Given material >>

↓↓↓

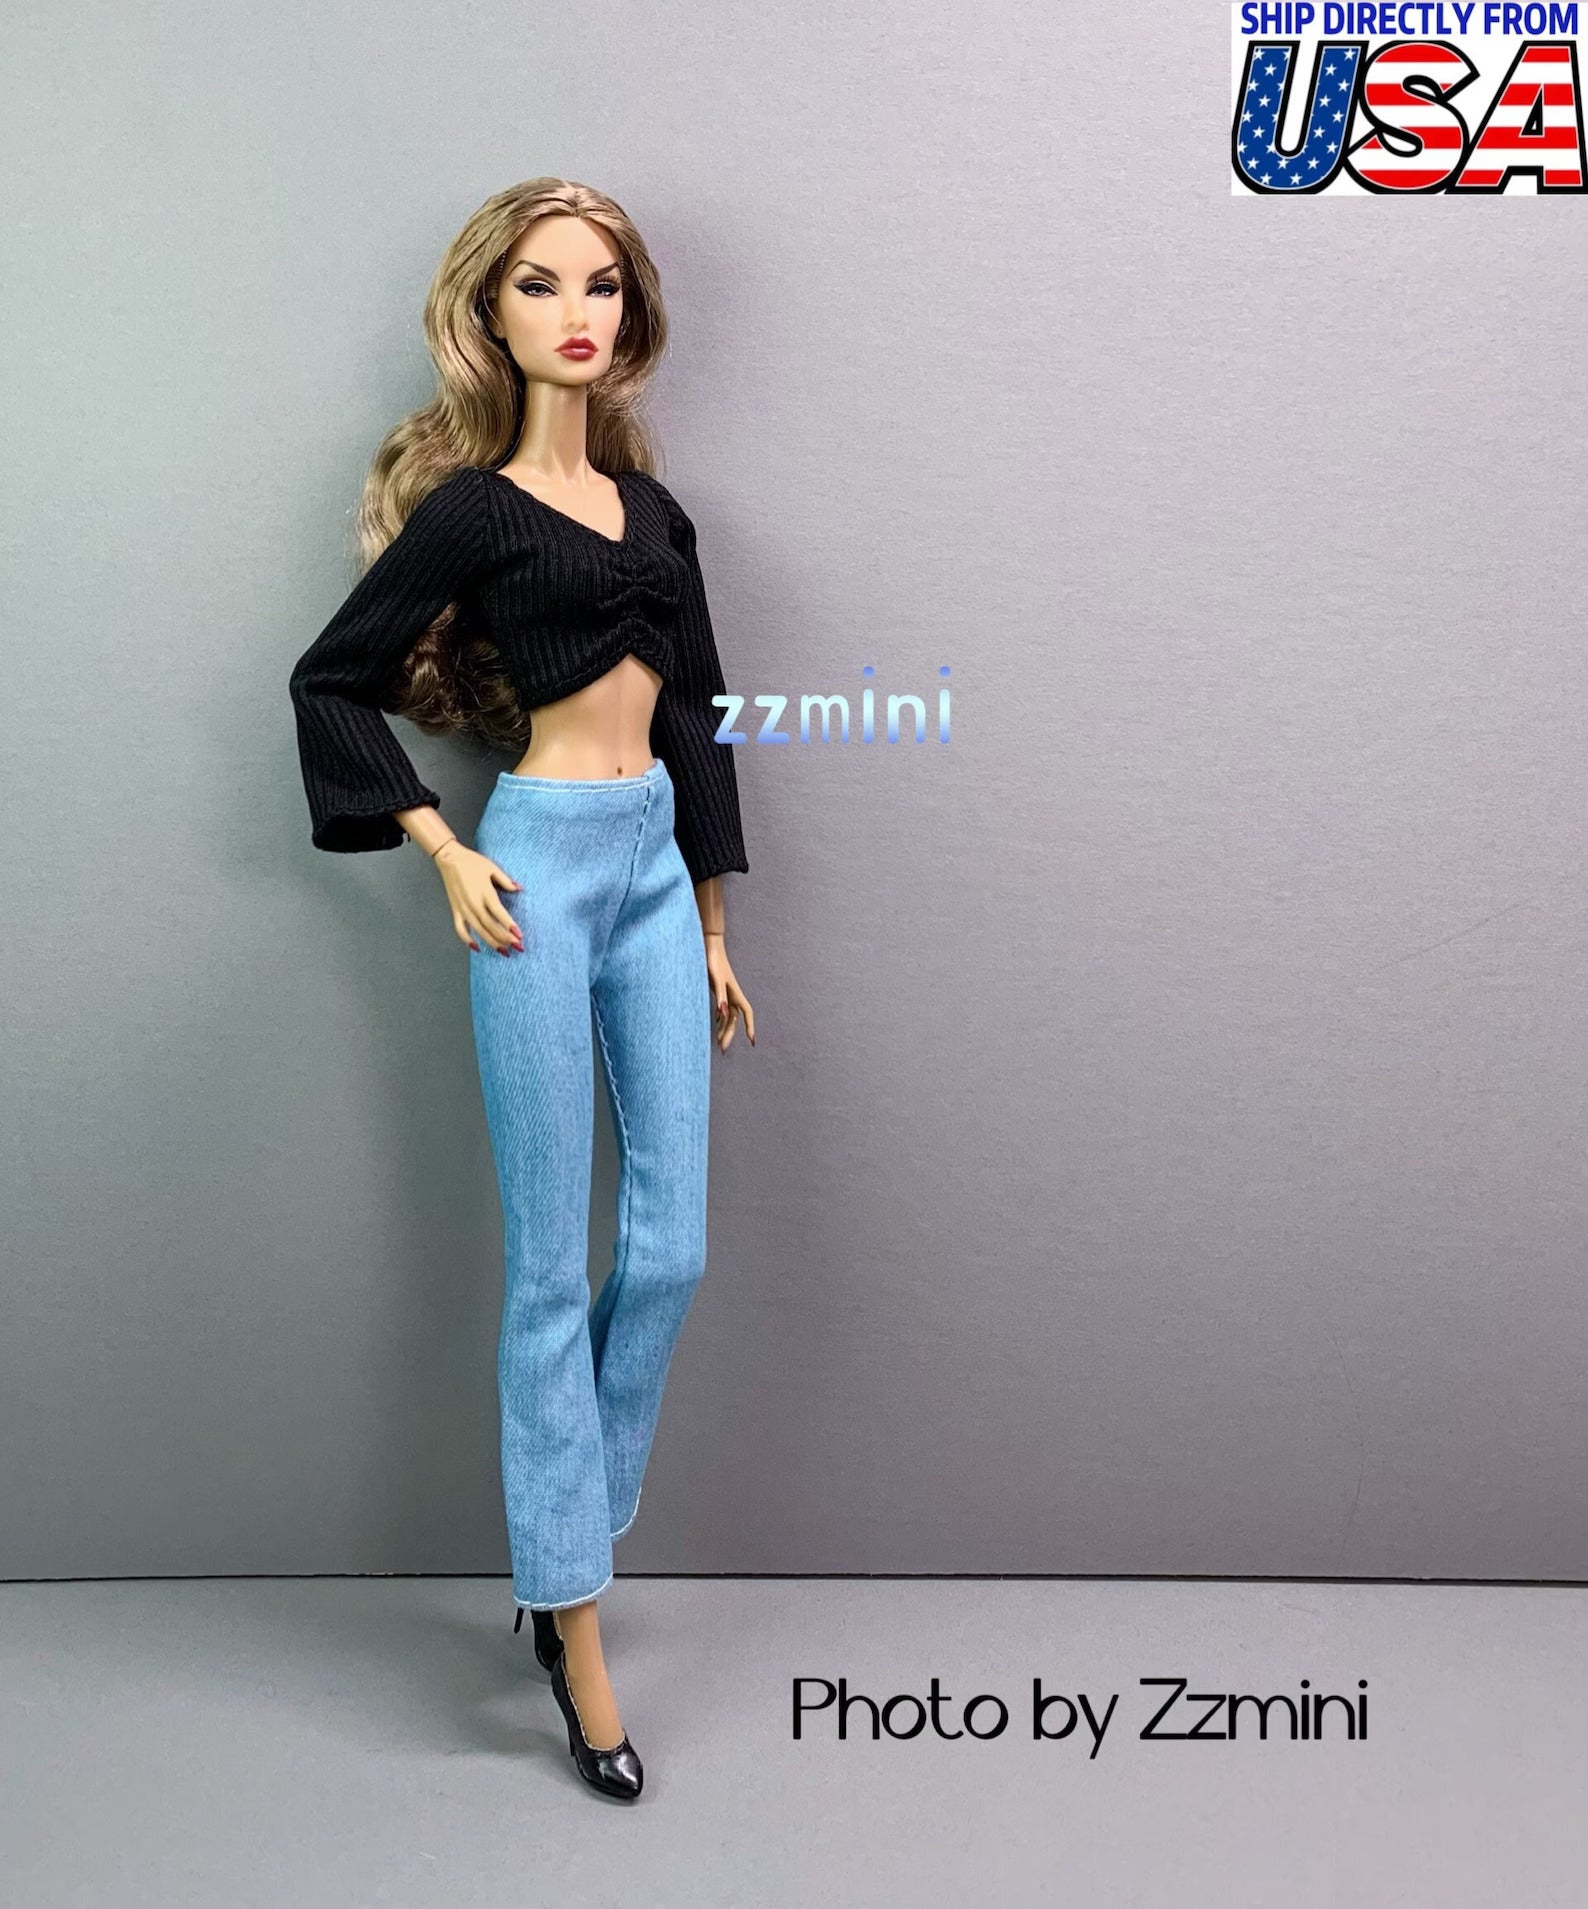 2pcs Handmade Black Sleeves and Jeans For 11.5inch Fashion Doll Princess Top Doll Clothes 1/6 Toy
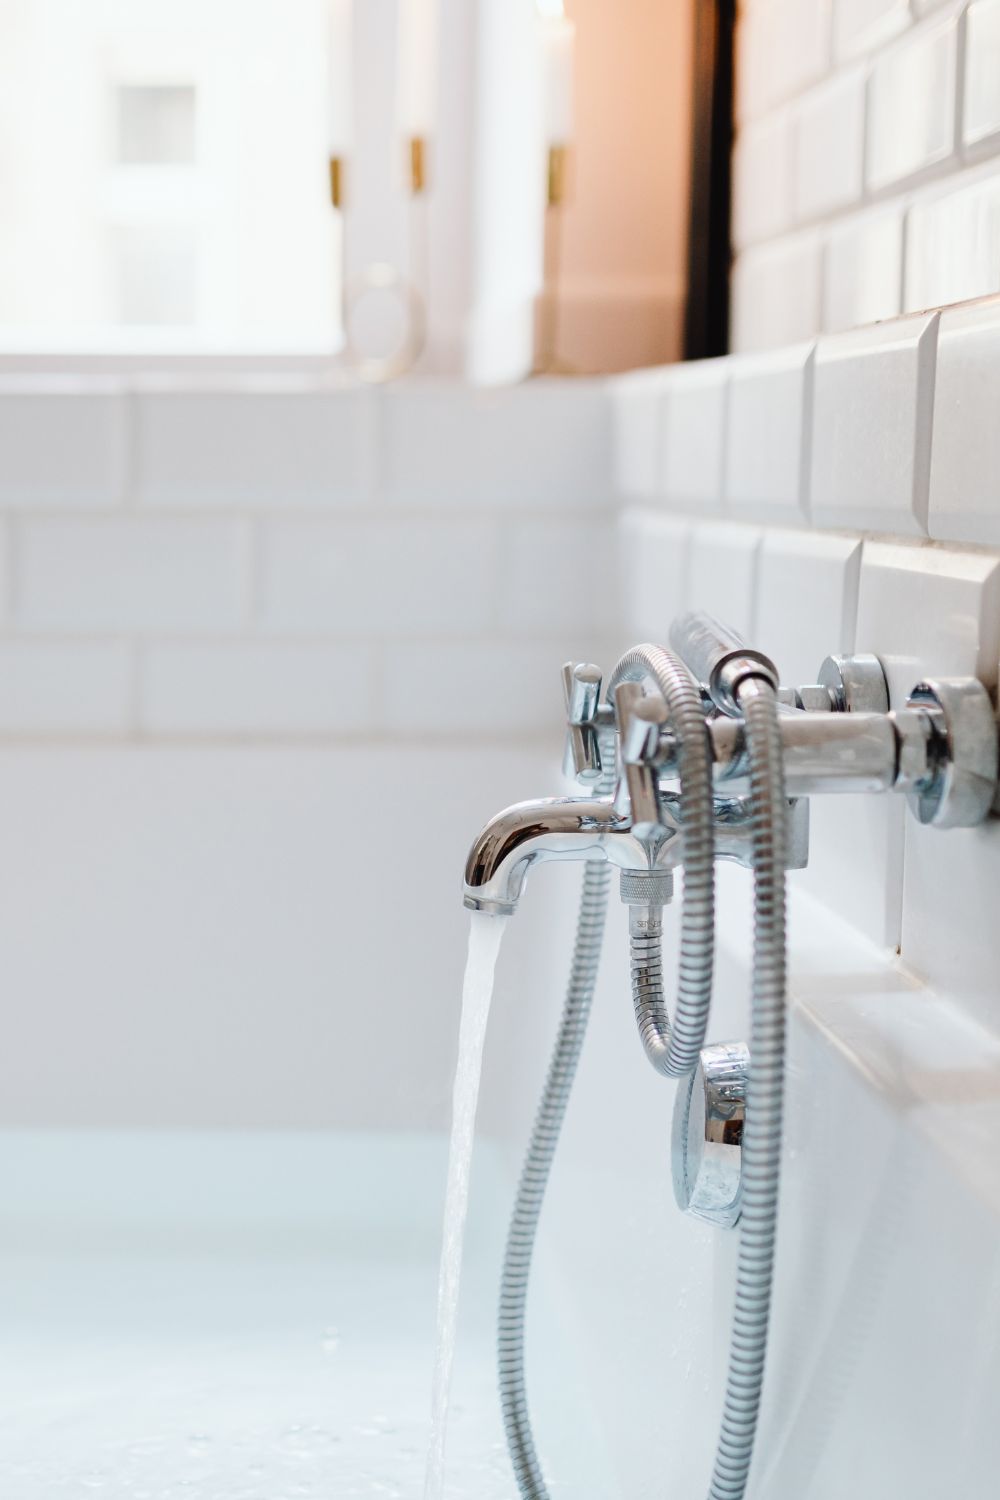 Common Plumbing Issues and How to Fix Them
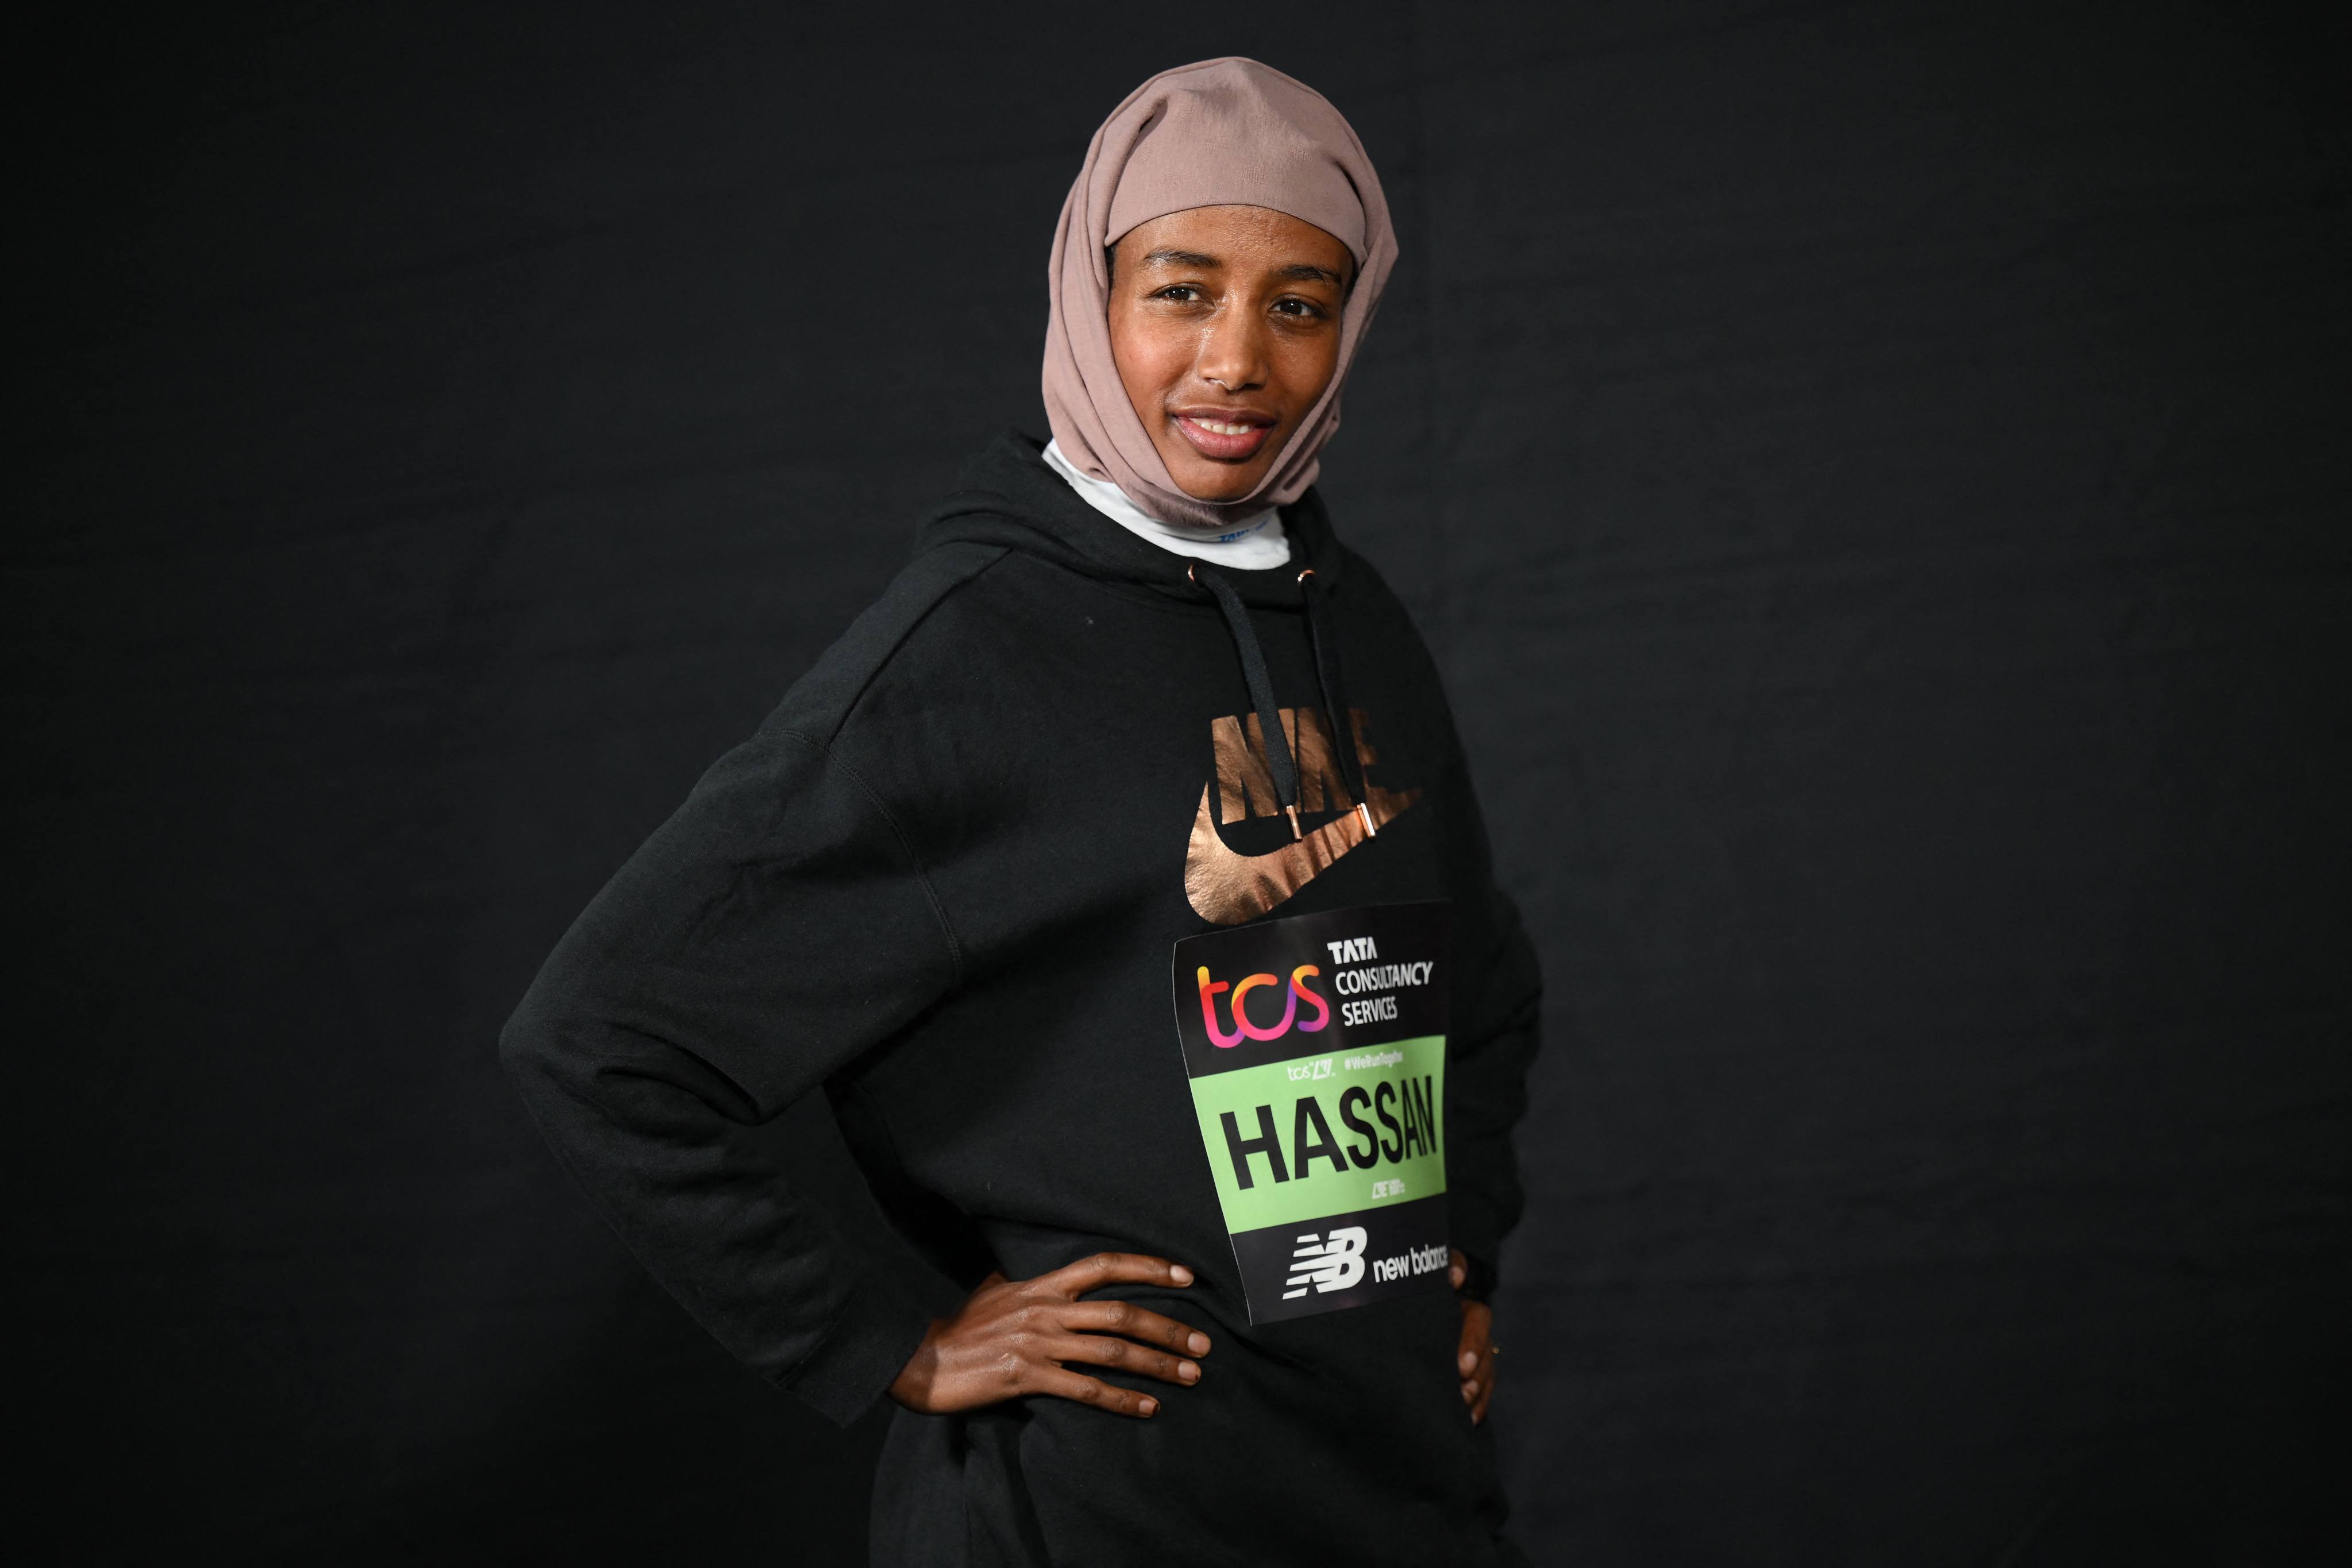 Netherlands’ Sifan Hassan poses during the international elite women’s photocall ahead of the London marathon. Photo: AFP

↑↑↑

Try it >>
In the reply, each line of the data must appear exactly as written, and no picture may appear.

Your response >>
 2pcs Handmade Black Sleeves and Jeans For 11.5inch Fashion Doll Princess Top Doll Clothes 1/6 Toy
 Common Plumbing Issues and How to Fix Them
 Netherlands’ Sifan Hassan poses during the international elite women’s photocall ahead of the London marathon. Photo: AFP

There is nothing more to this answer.